Monday, February 20, 2012

Mirror Work

As I write this, I'm wearing men's socks, no shoes, a pair of knit charcoal-colored elastic-waist stretch palazzo pants a friend didn't want any more, a pull-on poison green belted cardigan sans belt (also free!), and a sky blue t-shirt with "Wholesome Midwestern Girl" printed across the boobs.  I haven't bothered to put in my contacts and I'm sporting what I can only describe as a walk-of-shame-style bun.  What's more, these are not my pajamas.

You expect me to put lipstick on this pig?

It's true: I cannot be saved.  I skulk in the shadows, pale-faced, red-eyed, a member of fashionably damned.  It's true that I'm not working a traditional job today, and that pretty much my only obligations are to practice, write a concert preview, and watch the Downton Abbey Christmas Special. But if I were to leave the house, probably the only concession I'd make to fashion would be to trade the stretchy palazzos for cargo pants.  I'm so far from working it I might as well work out. 

I've written about my card-carrying schlubhood before.  I bring it up again because a fellow blogger pointed me toward this, in which two women actually make a 60-day "project" out of a (lack of-)grooming regimen I've undertaken virtually every day of my adult life.  I should note that these women are still, during their 60-day primping fast, blow drying, whereas I have not owned a blow dryer since 1992.

Suddenly foregrounded, the distance between my normal and everyone else's normal seems disturbingly vast, a continent of serums and straighteners and, god forbid, spanx.

There's an elephantine helping of laziness at work here: maintaining one's appearance to the specifications of contemporary womanhood takes WORK,  and I have long resented work that doesn't come with the prospect of remuneration, monetary or otherwise.  This will shock you, but I find I receive the same hourly rate for doing work with frizzy hair than I would if I were to break out the John Frieda.  I have yet to lose a friendship over my lack of lip liner.  Nor do I find my inability to attract men to be particularly onerous, given that my husband is due home at 6:00.

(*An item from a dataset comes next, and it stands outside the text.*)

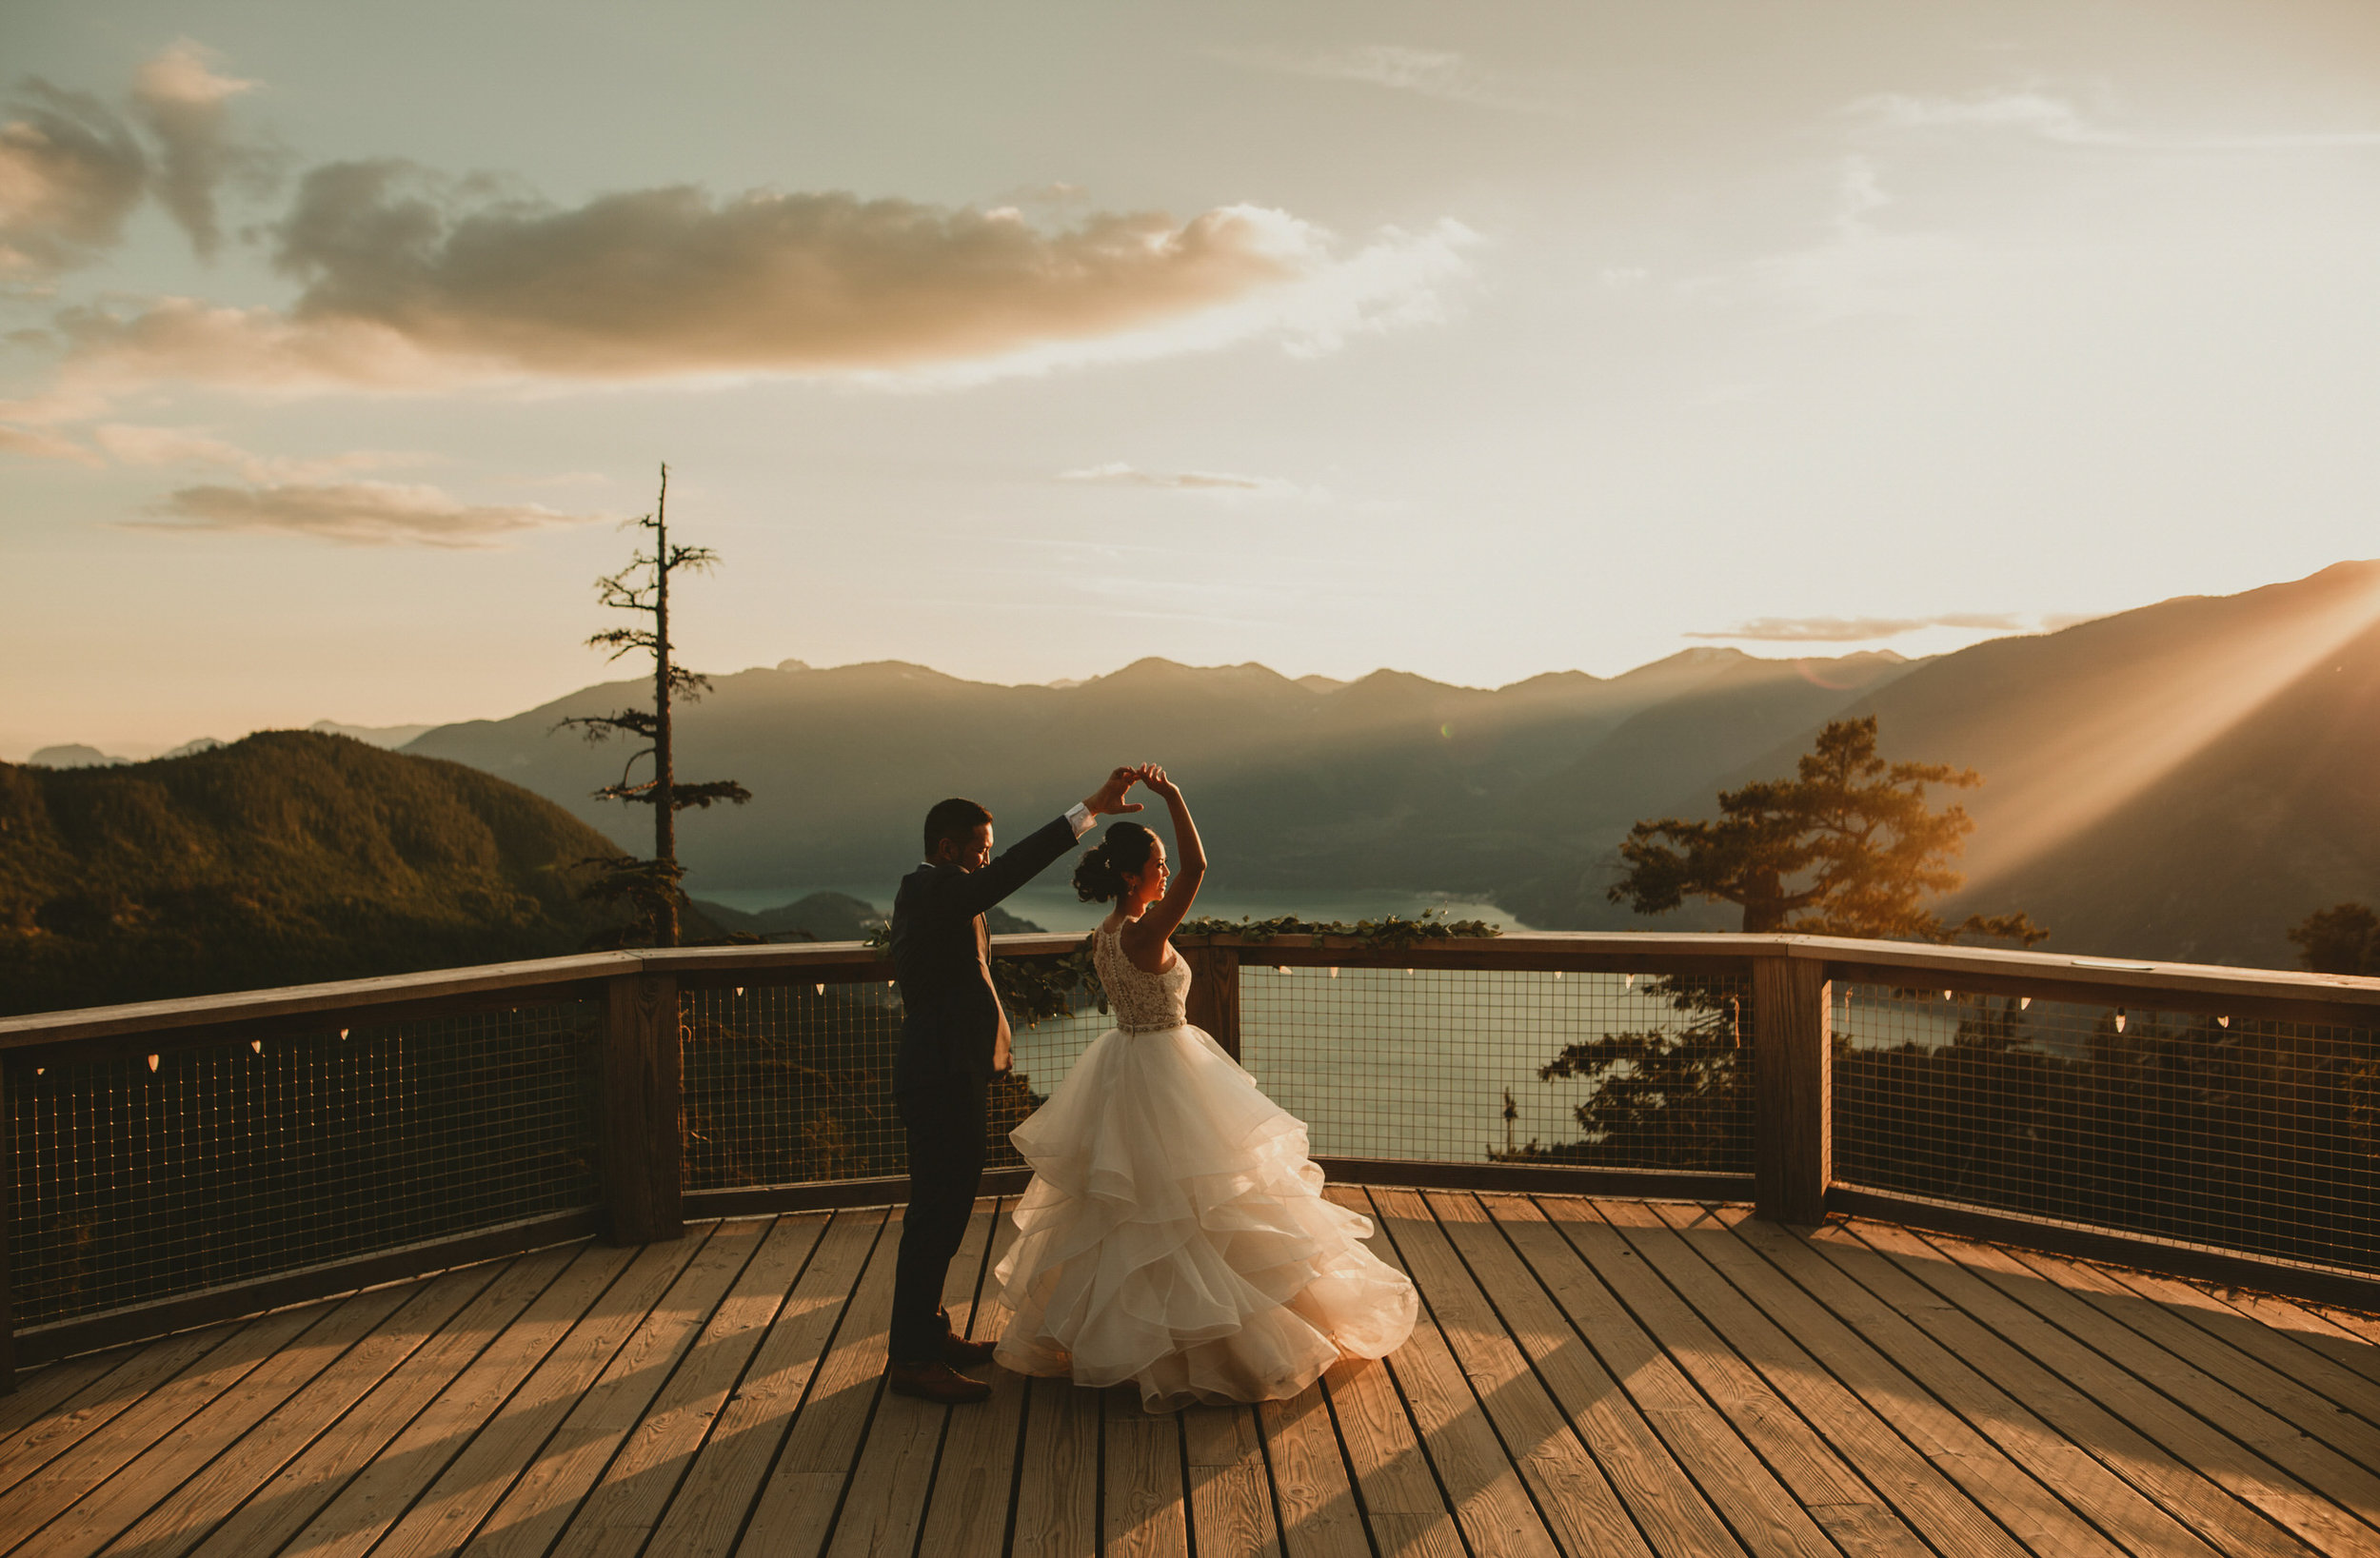 SEA TO SKY GONDOLA WEDDING - JENNIFER PICARD PHOTOGRAPHY - VANCOUVER WEDDING PHOTOGRAPHER - (2)_1 copy_1.jpg

But there's also, it must be admitted, a tiny fillip of shame to my endeavor -or rather, my lack of endeavor.  The truth is that sometime, a long time ago, I gave up on beauty.  All of us, as teenagers, wanted to be beautiful/sexy/wanted.  And when it dawned on me in high school that none of this was going to come easily to me, I decided to give sexiness a big fat screw you and got on with the reading of books.

Why try, if you can't succeed? 

It's this tiny chunk, this splinter of why I don't dress nicely and do my hair, that makes me think I should start.  I'm pretty clear now on the fact that trying -in all fields of endeavor- should be divorced from any notion of success.  Trying is important.   It's the bulk of what fills our days, excepting the TV watching and Internet surfing.  If we don't try, we pretty much just end up watching reality television and eating Cheetos.

Success is two minutes and a cake  Trying is a lifetime.  And I'd hate to continue living my life according to a maxim (see above) in which I no longer believe.

So we'll see.  There's also that whole laziness bit.  Which I may, in fact, be too lazy to try to combat.

1 comment:

Mara said...

I'm in a terrible state of self-denial regarding the subject of this post. I wasn't able to vote "no" on this poll, or on the schlump poll either, even though I think it's pretty clear I should. But what if you mostly dress bad, but you're actually trying to look nice, say if you wear an interesting shirt and a silk scarf that your sister bought you in India, but your jeans are from Old Navy and have a big hole in the knee, and your sweater is a shapeless cardigan from Target? And you're wearing foundation but no other makeup? What are you supposed to vote then?